Next morning we return home on the same route through the abandoned remains of raped first growth forest. I used to travel this road before it was paved. One would follow as closely as they dared behind a massively loaded off-highway truck. The dust would billow biblically and fist-sized rocks would be flung up from the tires of the behemoth vehicles. Other vehicles would emerge out of the dust and appear in the rearview mirror. It could be terrifying. It was my first practical use for air-conditioning which pressurized my vehicle against the ingress of smothering dust. Now that it is paved the road is bliss although dips and twists make it a different sort of challenge to navigate. Morons in vehicles, both locals and transients, travel far too fast for the road surface and don’t understand why they should stay on the right hand side of the road. So, in a new way, the road can still be terrifying. The surrounding forest is the collateral damage left after the original timber were systematically levelled about a century ago. That decimation continues, now often in stands of second-growth which arose on their own, without any help, only to be cut down again.
The whole meal deal. A salmonberry form flower to fruit.

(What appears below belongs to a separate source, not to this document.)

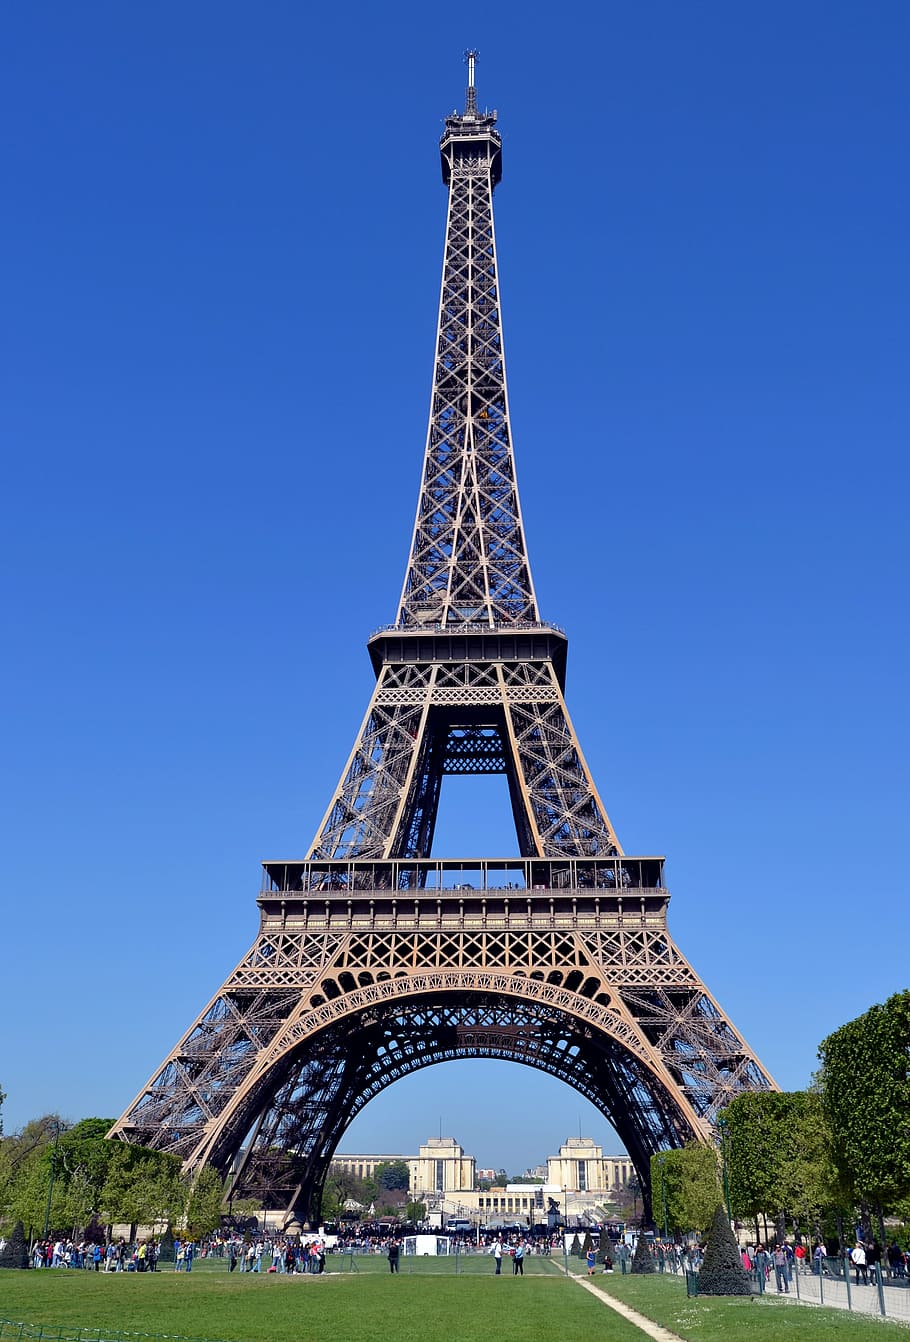 1080p Images: Beautiful Eiffel Tower Wallpaper Hd

Our forest industry has become a complicated issue. Many factions each demand to be given control of our vast forestlands. Few seem to know what the hell they’re really yelling about. Within less than two centuries we have managed to obliterate much of the original forests we marched into. We did it with the spirit of men who posed proudly beside the massive stumps they would leave behind as monuments to an age when making daylight in the swamp was a good thing. It is pathetic that so much of that resource, and its wealth, have been squandered at the hands of men who have probably never held an axe, let alone used one. A group has rallied against the logging-off a remaining stand of original timber at Fairy Creek. I don’t agree with all of their perspectives but what little is left of those pristine groves must be left in their natural state. They hold a value beyond anything monetary. So says someone who spent much of his life involved with various aspects of logging.
Now THAT’S a fungus. This ancient symbiosis stands beside an entrance to a campground. It’s closed. Because of the blind ignorance of some tourists and environmental protestors, forest companies have blocked roads and torn down signboards in an effort to prevent access to the people’s forest. It’s not right, but it is necessary to prevent certain fools from burning down the forest they say they love.
There is one remaining spruce tree along the roadside. Not all the old forest was comprised of trees nearly so big but it was certainly not the tangled mass of windfalls and thick debris left behind by loggers. It is excellent fodder for fire and at the moment a hard to fight conflagration has closed the road to Port Alberni. Traffic from the far side of the island is being re-routed along rough logging roads into the Cowichan Valley and back to paved roads and civilization. I can only imagine the urbane sensibilities of folks trying to navigate a rough, dusty, rocky trail in a huge Rv while dodging other Rvs and logging traffic. Hopefully no-one chucks their cigar butt, or joint, out the window.
Summer approaches.
This venerable Sitka Spruce is about 4 metres in diameter and impossible to guess how tall. It has been around for a long time, way before any white man. It looks quite healthy. Imagine a forest with only trees like this.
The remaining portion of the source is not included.